The cause was complications of ovarian cancer, said her husband, Neil Bell.

Modern farming is as much science as labor, and Dr. Strik, whose career at Oregon State began in 1987, brought a skeptical, scientific approach to blueberry cultivation.

But she had also grown up with her hands in the dirt — her parents owned a nursery and landscaping business — so she had a strong sense of the practical demands farmers face.

“She was able to connect with the growers,” Scott Lukas, who took on Oregon State’s endowed professorship for Northwest berry production after Dr. Strik retired in 2021, said in a phone interview. She could view research “from that down-to-earth perspective,” he added, “and be a human about it and not get lost in the science.”

Blueberries have been systematically cultivated in the United States since early in the 20th century. But demand has grown in recent decades as scientists have trumpeted the fruit’s health benefits and as packaged forms — frozen, puréed, freeze-dried, powdered — have made it more accessible.
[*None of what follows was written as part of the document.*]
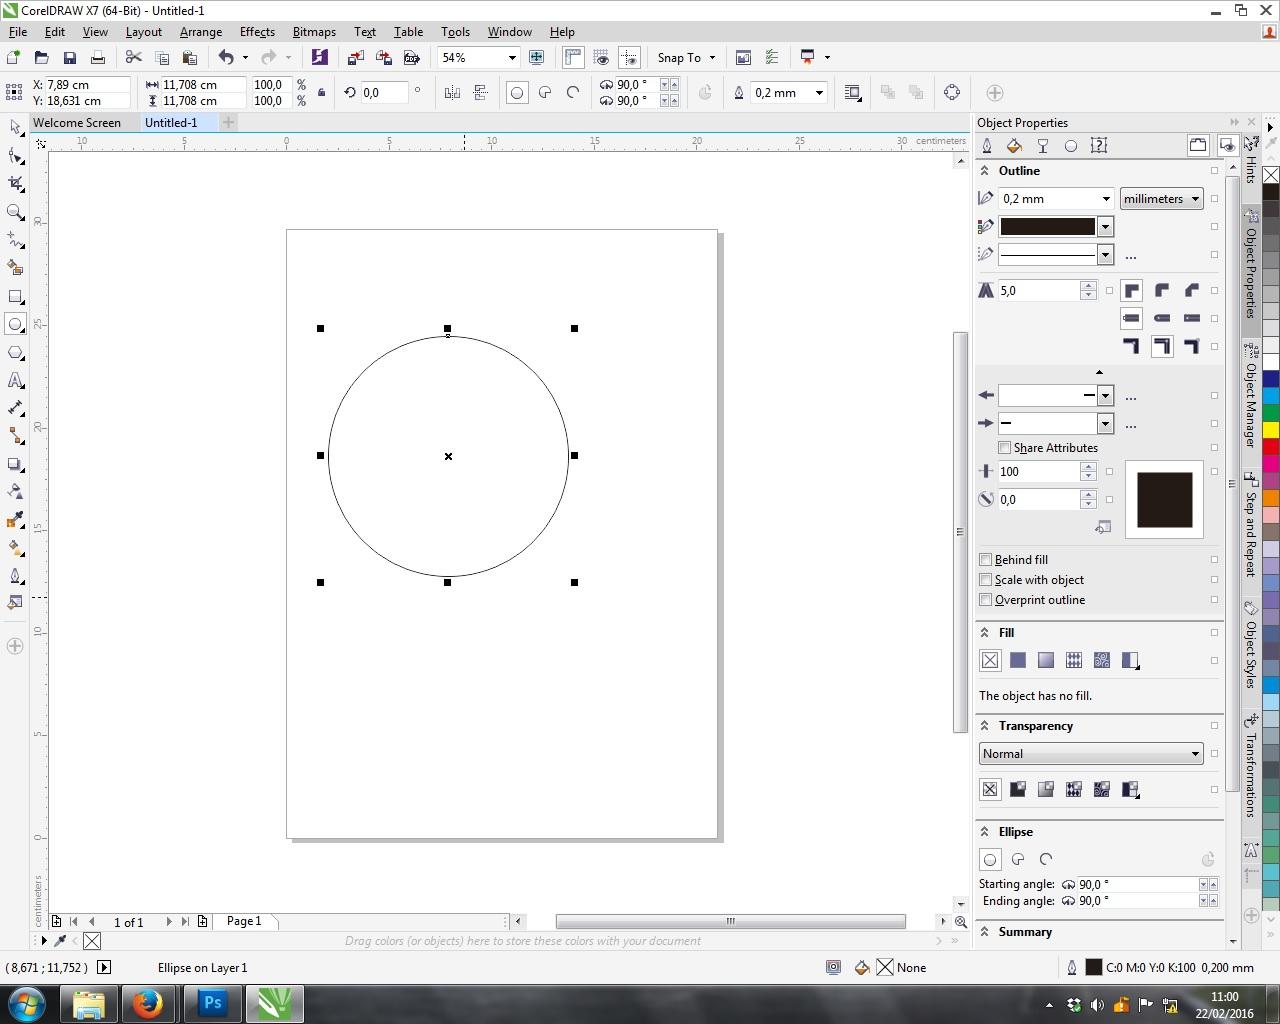 Cara Membuat Teks Mengikuti Objek Menggunakan Corel Draw X7 Kelas Desain Belajar Desain Grafis Mudah

The United States was the largest producer of blueberries until 2021, when it was surpassed by China, according to a report last month from the Agriculture Department’s Foreign Agricultural Service.

When Dr. Strik began examining Oregon’s blueberry industry, she found that growers placed plants four feet apart in rows because they thought that the size of mature bushes required that much room. She also observed that blueberry plants were grown standing free, without trellises, and that sawdust was commonly used as mulch because it was cheap and effective at killing weeds.